View of a thermal station in the distance above the clouds, columns of smoke, ecology idea

Supreme Court Must Revisit Ostrava Woman’s Claim For Compensation Over Air Pollution

Ostrava’s Radvanice-Bartovice district, which has long been unable to observe legal limits of carcinogenic substances in the air. Photo credit: Freepik (Illustrative photo). 

Brno, Feb 8 (CTK) – The Czech Constitutional Court has upheld a complaint from a woman who unsuccessfully claimed financial compensation for health damage caused to her by air pollution, and ordered that the case be heard again by the Supreme Court, which previously rejected the woman’s claim.

The woman is a resident of Ostrava’s Radvanice-Bartovice district, which has long been unable to observe legal limits of carcinogenic substances in the air, such as benzo(a)pyrene and concentrated dust particles. In her complaint, the woman emphasised that she had fallen ill with lung cancer, and her husband had died from cancer. She demanded CZK 1.44 million in compensation.

After last week’s intervention by the Constitutional Court, announced by the law firm Frank Bold on Twitter on Wednesday, the Supreme Court will have to deal with the case again.

https://twitter.com/FrankBoldCZ/status/1623260569615667202

After the Czech accession to the EU in 2004, the Environment Ministry was bound to draft national action plans and programs for improving the quality of air, including effective measures to meet the relevant legal limits. The plaintiff told the court that this did not happen. 
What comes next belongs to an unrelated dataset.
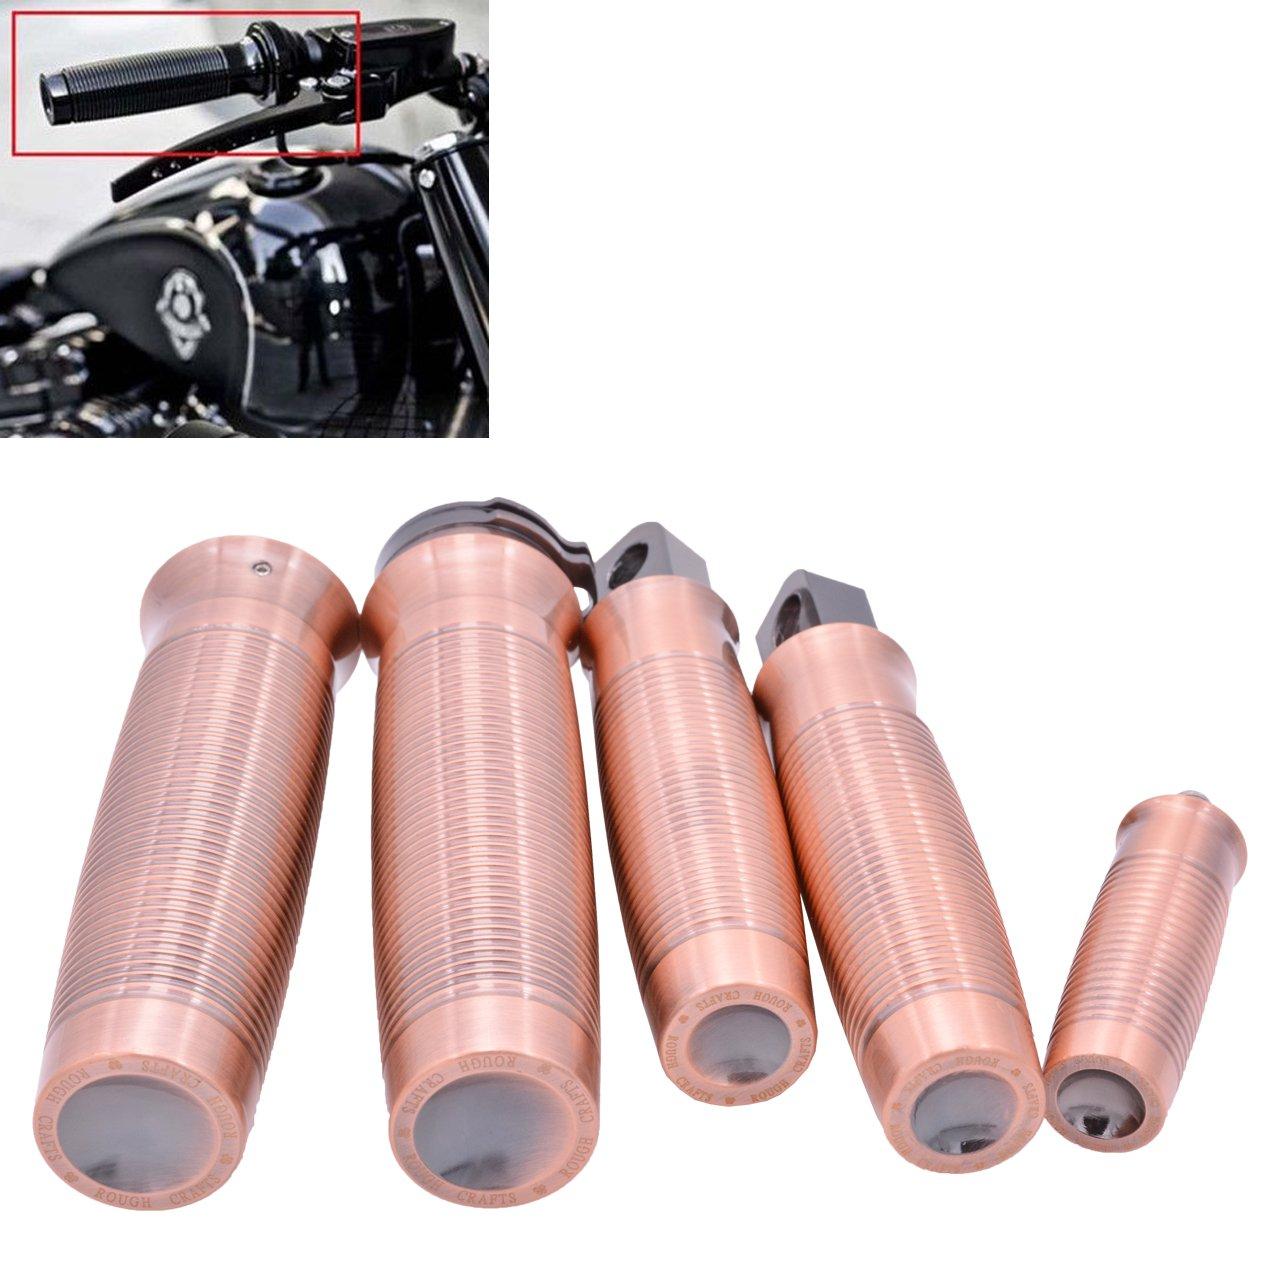 HFP-389-HQU-PR KT 250 350 450 EXC-F SX-F XCF-W 690 Duke Enduro SMC Supermoto//Freeride 350//690 Duke 2008-2018 Motorcycle Fuel Pump w Installation Kit and Pressure Regulator 500 EXC XC-W

The legal dispute was previously dealt with by district and regional courts, which upheld the woman’s argument that the Environment Ministry acted wrongly by failing to adopt an air improvement program in time, and that the woman suffered non-material harm by falling ill with cancer and seeing her husband die. Nevertheless, the courts dismissed her complaint, arguing that she failed to prove a causal relationship between the state’s inaction and the damage she suffered.

The Constitutional Court has now upheld her objections and returned the case to the Supreme Court, which previously denied her petition for an appellate review and rejected it as inadmissible. This decision was at variance with the woman’s legal rights, the Constitutional Court ruled.

“The Supreme Court should deal with the petition in terms of the content [of the dispute],” said Frank Bold lawyer Pavel Cerny. “Above all, it should focus on whether the submitted epidemiological study confirms the causal relationship between the damage to the woman’s health and the wrong actions on the part of the state bodies.” 

Air pollution in the Moravia-Silesia Region, of which Ostrava is the capital, has for a long time been the worst in the Czech Republic, influenced by local industry, transport, household heating, and also harmful substances carried by wind from nearby Poland.